Give, but be smart about it

This is a perfect example of why I don’t give money to big charities.  In this case, well-meaning Catholics have had their donations diverted to causes that are in direct opposition to their Christian beliefs.  They blindly write checks and put money in collection envelopes every Sunday, having faith that the money is being sent to where it can really help.  Little did they know some of it was being siphoned off to fund the nightmare called ACORN.  Even worse, if that’s possible, is that it was being done by the U.S. Conference of Catholic Bishops.

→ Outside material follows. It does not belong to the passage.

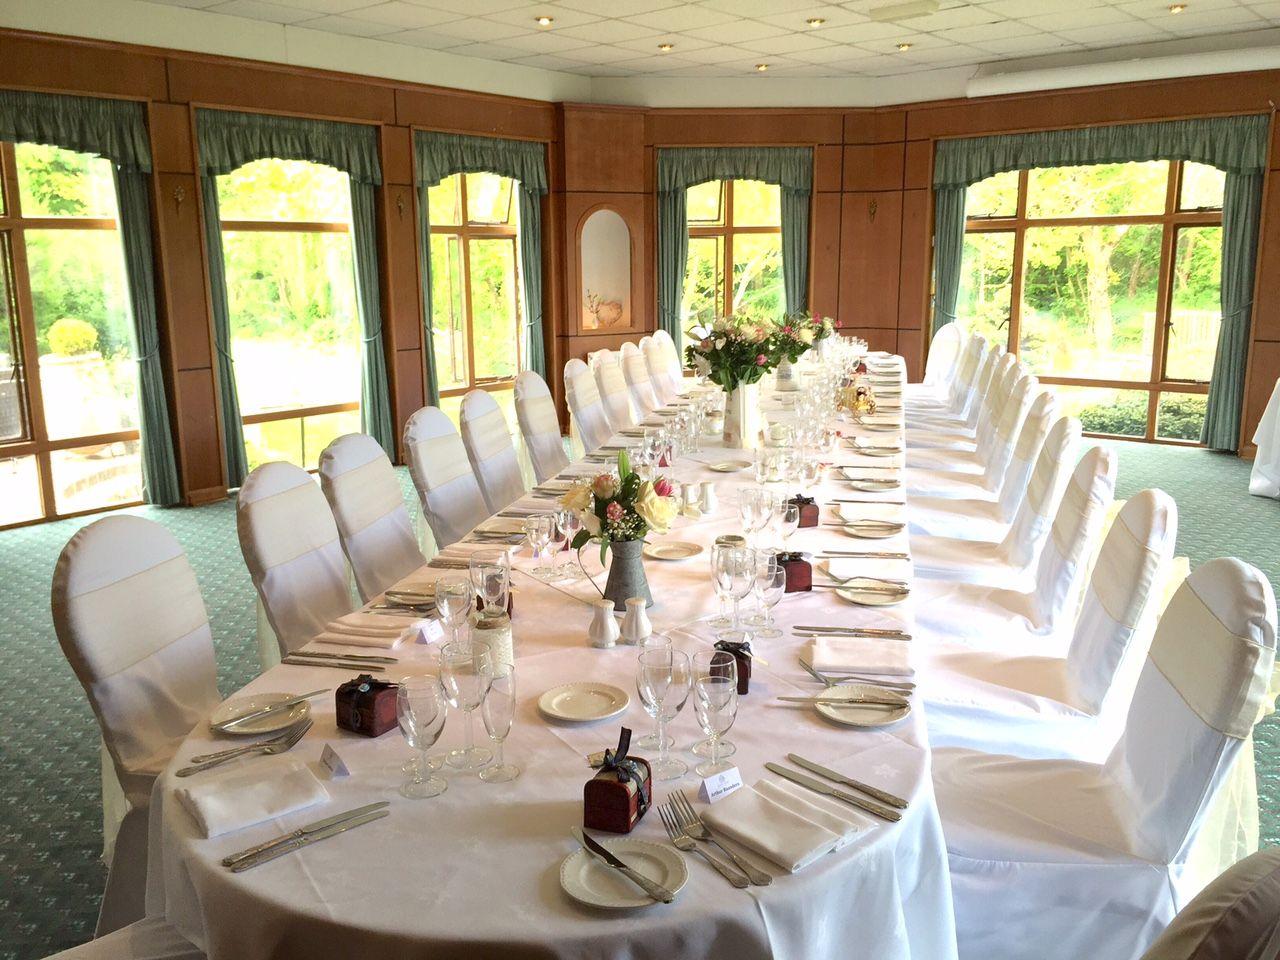 Wedding Venue in East Sussex, Lewes and Brighton Area

I give locally, to small, specific causes.  My dad’s local VFW group hosts free-will soup dinners and uses their proceeds to offer small scholarships to local students.  Various pancake and sausage breakfasts support local clubs like the Lions, who do similar good deeds within the community.  Fund-raisers for sports clubs and school marching bands help them pay for uniforms and instruments.  Food you donate to food pantries stays in the area, as does clothing donated to the Salvation Army.  Even if you don’t have money to give, maybe you’ve got some free time to visit and read to the elderly.  Big Brother/Sister is always looking for people to give their time.  All of these are ways you can give your time or money and not only KNOW where it’s being spent, but also hopefully get to see the positive effect you’ve had.

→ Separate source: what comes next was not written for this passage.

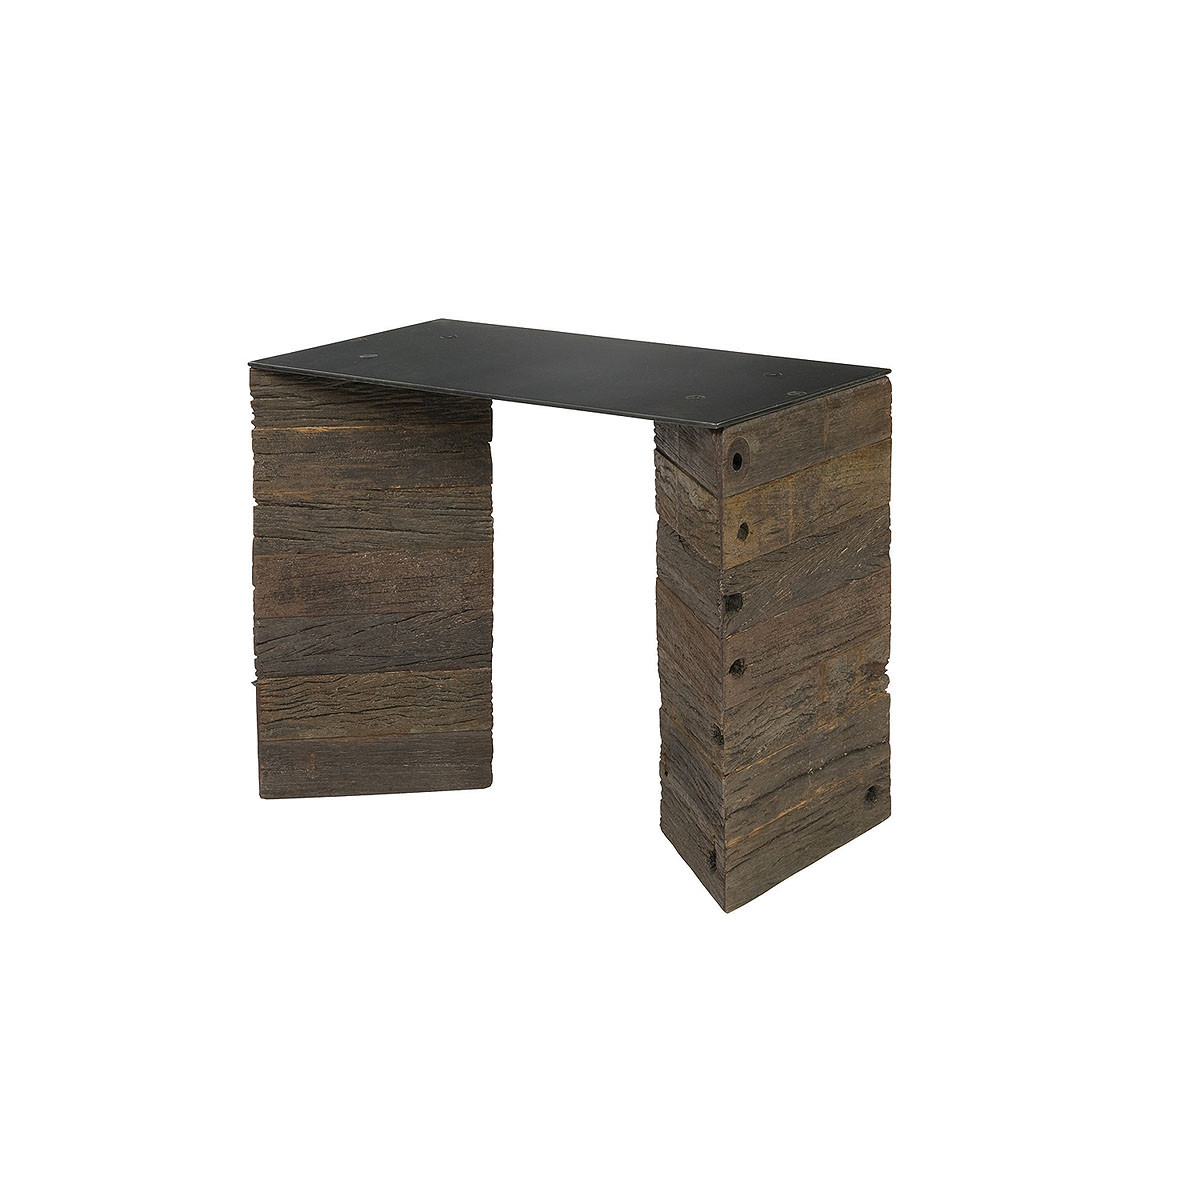 Reclaimed Wood Furniture Urban Hardwoods Images Laminated

One thought on “Give, but be smart about it”

  1. Our second collection that weekend at St. Rose is going to the local Catholic Charities food pantry instead. Like you say, there are plenty of good local places to give money and time; there’s no need for these big clearinghouses that collect money, run it through a bureaucracy, and distribute the remainder back out to charities you’ve never heard of. That doesn’t even fit the Catholic concept of subsidiarity, aside from the issue of the bad groups the CCHD has been supporting.